The fundamental problem in today’s networks is that the cost of the N
squared phenomena is not being passed onto customers. As mentioned
previously as long as there is an increase in the number of simultaneous
connections network capacity will continue to grow even if the number of
customers and the offered load remains constant.

Accordingly there are a number of possible solutions where the costs of N
squared might be passed on directly to consumers:

1. Develop billing systems that take into account the N squared costs. One
possible solution is to develop a similar metering concept for the Internet
where customers are billed on the total number of packets, the destination
of the packets as well as the total number of simultaneous sessions. However
implementing this solution with today’s technology and volume rates would
seem problematic.

2. Assume that new optical network technologies will drop in cost faster
than the growth of N squared. This approach seems problematic for two
reasons. First although optical networks have unquestionably reduced the
per bit cost of delivering Internet traffic it still pales against the
juggernaut of N squared particularly for large N. Secondly the inverse
economics of scale with large N means that a competitor with N-1 customers
can purchase the same optical technology and deliver a network at lower
cost.

3. Develop hierarchical based applications for e-mail and other
applications. This also seems problematic given the history of the Internet
and the development of an increasing number of peer to peer applications.
Another aspect of this approach would be to build “walled gardens” and limit
users to services as deemed valuable by the service provider.

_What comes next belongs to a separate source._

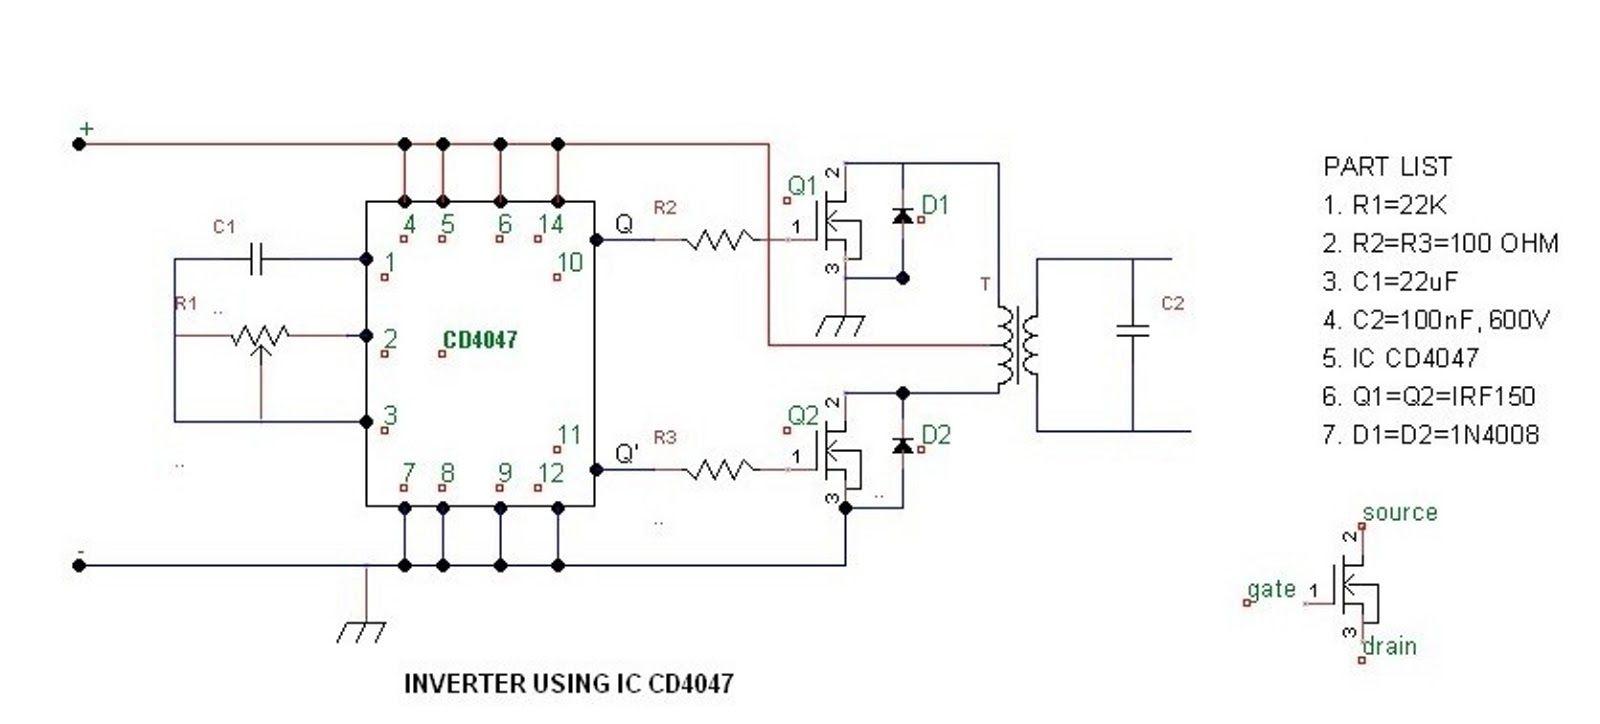 The purpose to build a simple 100 watt to 500 watt inverter circuit ...

4. Develop new network topologies based on the direct peering
interconnection model where the costs of the N squared phenomena can be
based on directly to the consumer.

It would seem that the first 3 possible solutions would be impractical,
although undoubtedly there will be attempts to build networks based on those
concepts. Perhaps there is a more rational and scalable approach that is
consistent with the very openness and non-proprietary nature of the
Internet.

An Alternate Network Topology

There is one possible network architecture that might allow the costs of N
squared to be passed on directly to the consumer without special billing
mechanisms. In this network architecture the customer is responsible for
building the connections to support the N squared growth. Rather than
buying an “Internet” service per se from a “network cloud”, the customer
instead purchases a number of dedicated links radiating out from the
customer to a number of Internet exchange points where they interconnect
with other like minded customers. In this case if there is an increased
traffic load due to N squared phenomena the “customer” rather than the
Internet service provider is responsible for building out new connections to
other Internet exchange points. Rather than looking like a traditional
snowflake the network starts to look like a mesh of interconnecting
radiating stars.

In addition with customer owned pipes the N squared mesh can be collapsed to
a single point. Rather than a carrier building out a network cloud to the
customer and assuming the responsibility of carrying the N Squared traffic,
it may be economically more efficient for the customer to purchase long
pipes to a single point for the interchange of traffic.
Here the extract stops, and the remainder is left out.